The programme’s final piece, ‘Through the Centre, All of You, At the Same Time and Don’t Stop,’ features the entire company dancing to live tracks by Squarepusher, complete with the intermittent sounds of their audience. As the music percolates, the dancers pop and prance, to the sound of the crowd oohhing and aahhing. As the sounds become more spacey, with gongs and reverb, the dancers pause and, pose. The ghost of West Side Story seems to be attempting resurrection in this piece with its wry stretches and leap postures which never fully manifest themselves, through the choreographer’s design. As an electronic voice, like a contemporary welcome wagon, echoes the Weiner welcome with a capitol W, the movements seem to slot right into the angular rhythms. This segnent creates the sensation of something embryonic, not yet fully formed. Its effect is a bit like that of the perpetual aimlessness of youth, as seen through the eyes of more senior beholders. With movements and music suggestive of the components of an electronic game, the dancers sway and tilt, keeping time with the rhythms the sounds inspire, rather than with the sounds themselves. One rubber limbed dancer swayed, rolled and stepped to a drum solo, his head literally, rotating on his shoulders. The group joined forces for the final leg of the piece, creating discordant harmony in the face of undeniable discordance. Although this piece seemed a little too fragmented at times, it was still interesting, most specifically for the fact that it featured a host of mini dramas, as expressed through the gestures, movements and facial expressions of the dancers.

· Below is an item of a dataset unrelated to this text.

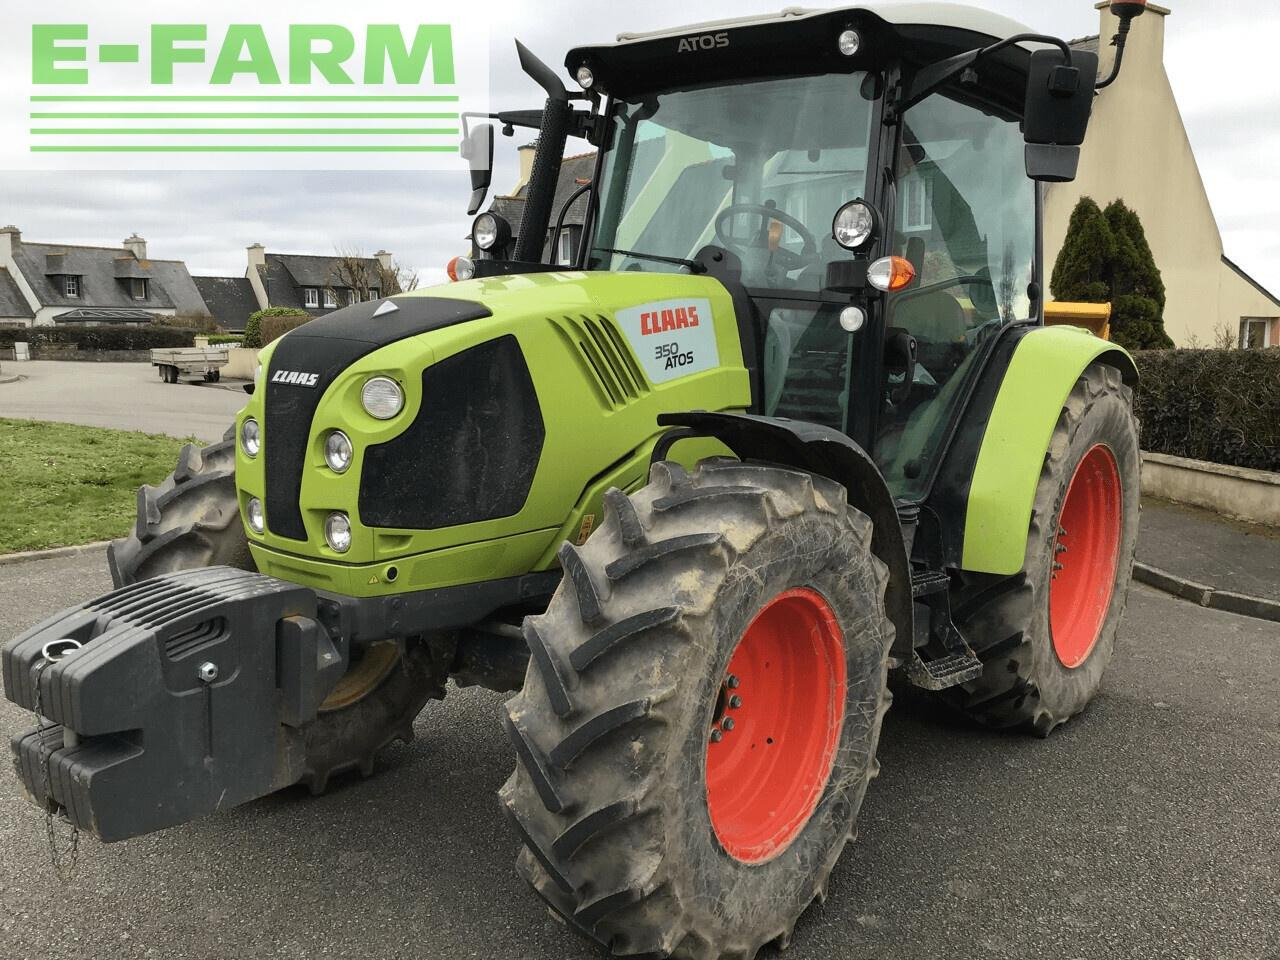 Farm tractor CLAAS atos 350 (a99/500)

The Emmanuel Gat Dance company is definitely one to watch, and see in future, if you haven’t yet had the privilege of doing so. In hindsight, having seen this programme, my first by the company, I have to say that there were countless innovations here that may have been suggested by Gat’s former musical training and/or his distinctively original creative eye. Among other experimental attributes these pieces displayed, I must say that I have never seen choreography that made such use of reclining figures. In one such instance, a lone dancer initially crouched, as if in meditation, only to rise up and seemingly, bang a gong, then spring up cat like, unfurling his attuned body as if to greet a warm summer sun.